The Quattro ESEM is the ultimate analytical platform, thanks to its chamber that allows for a range of accessories. Analytical capabilities include energy dispersive X-ray spectroscopy (EDS) with ports for 180-degree dual EDS attachment, electron backscatter diffraction (EBSD) coplanar with EDS, and wavelength dispersive X-ray spectroscopy (WDS).

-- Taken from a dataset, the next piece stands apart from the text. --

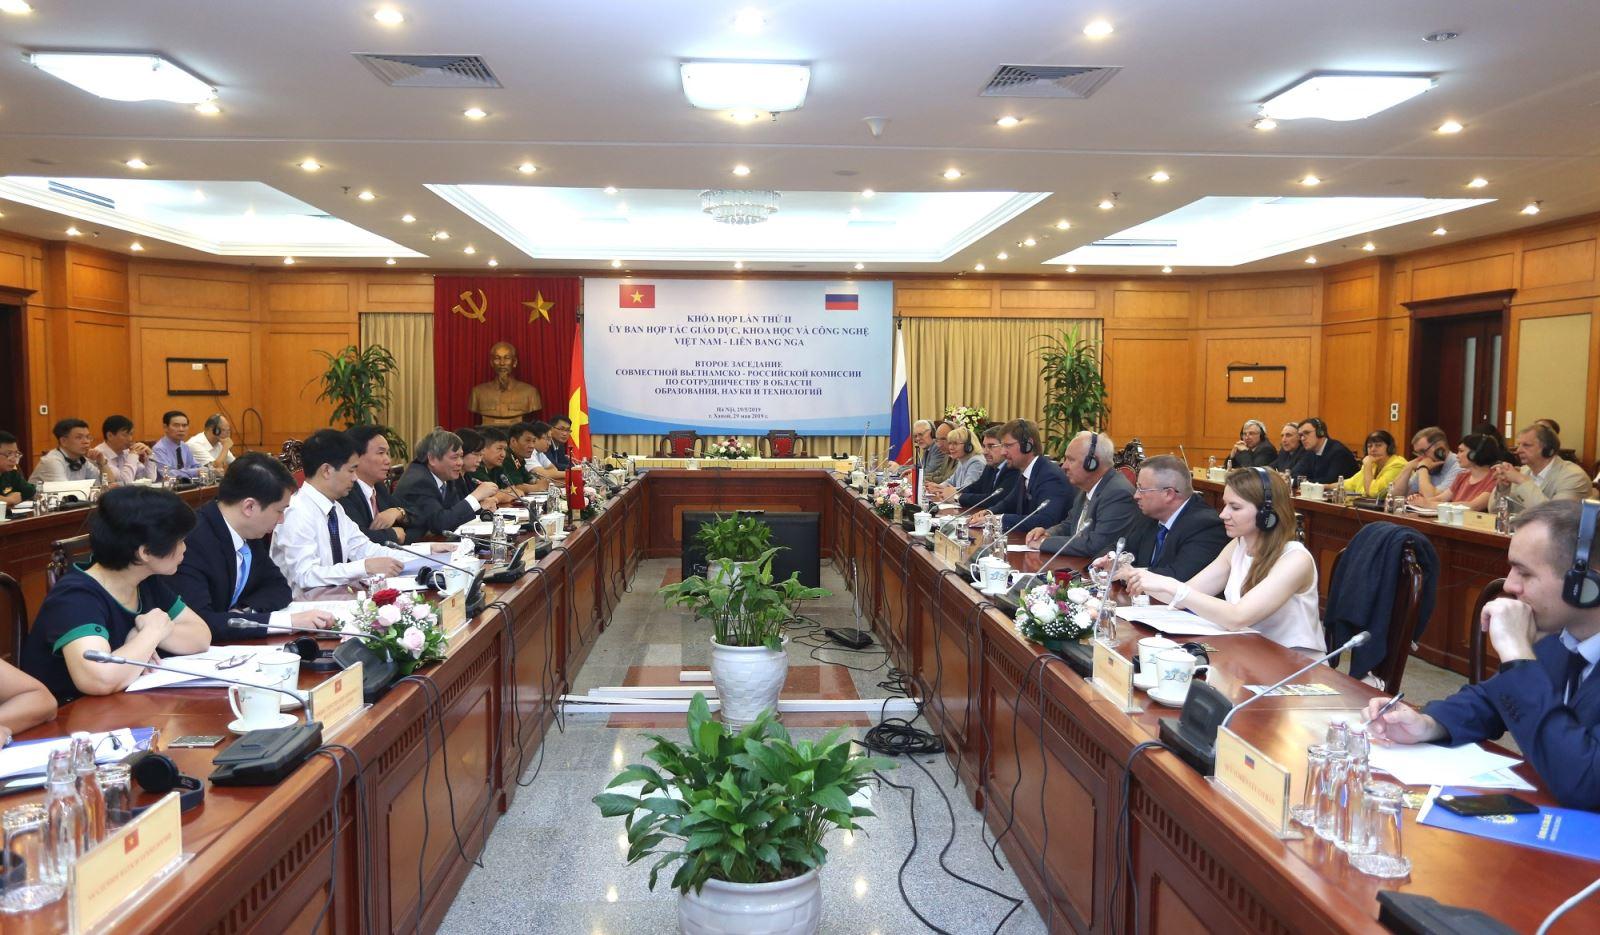 Thứ trưởng Phạm Công Tạc và Ngài Medvedev Aleksei Mikhailovich chủ trì Khóa họp. Ảnh: Vụ Hợp tác quốc tế

The Quattro ESEM supports an optional High Vacuum Heating Stage, AutoScript, a Python-based scripting tool and a new RGB cathodoluminescence (CL) detector. The RGB CL detector produces color images highlighting sample properties not visible with conventional electron or X-ray imaging techniques. The High Vacuum Heating Stage allows for clean sample observations at high temperature. With AutoScript, users can program imaging and stage movements for unattended data acquisition.

Nanocharacterization

• Metals and alloys, fractures, welds, polished sections, magnetic and superconducting materials
• Ceramics, composites, plastics
• Films/coatings
• Geological sections, minerals
• Soft materials: polymers, pharmaceuticals, filters, gels, tissues, plant material
• Particles, porous materials, fibers

Characterization in situ

• Crystallization/phase transformation
• Oxidation, catalysis
• Material growth
• Hydration/dehydration/wetting/contact angle analysis
• Tensile (with heating or cooling)

Quattro’s versatility makes it well-suited to broad range of topics in materials science. It is equally adept at performing conventional high-resolution SEM imaging/analysis and dynamic in situ experiments. It allows researchers to study the widest range of samples in their natural state for the most accurate information about structure and composition.

Quattro’s environmental SEM (ESEM) capability allows scientists to study materials in a range of conditions, such as wet/humid, hot, or reactive environments, as they develop new materials and products for a myriad of disciplines, including construction, automotive, packaging, coatings and energy. Quattro’s unique ability to study the progress of chemical reactions, such as oxidation, corrosion, etching, crystal growth, and catalysis, can have a big impact on science and the environment.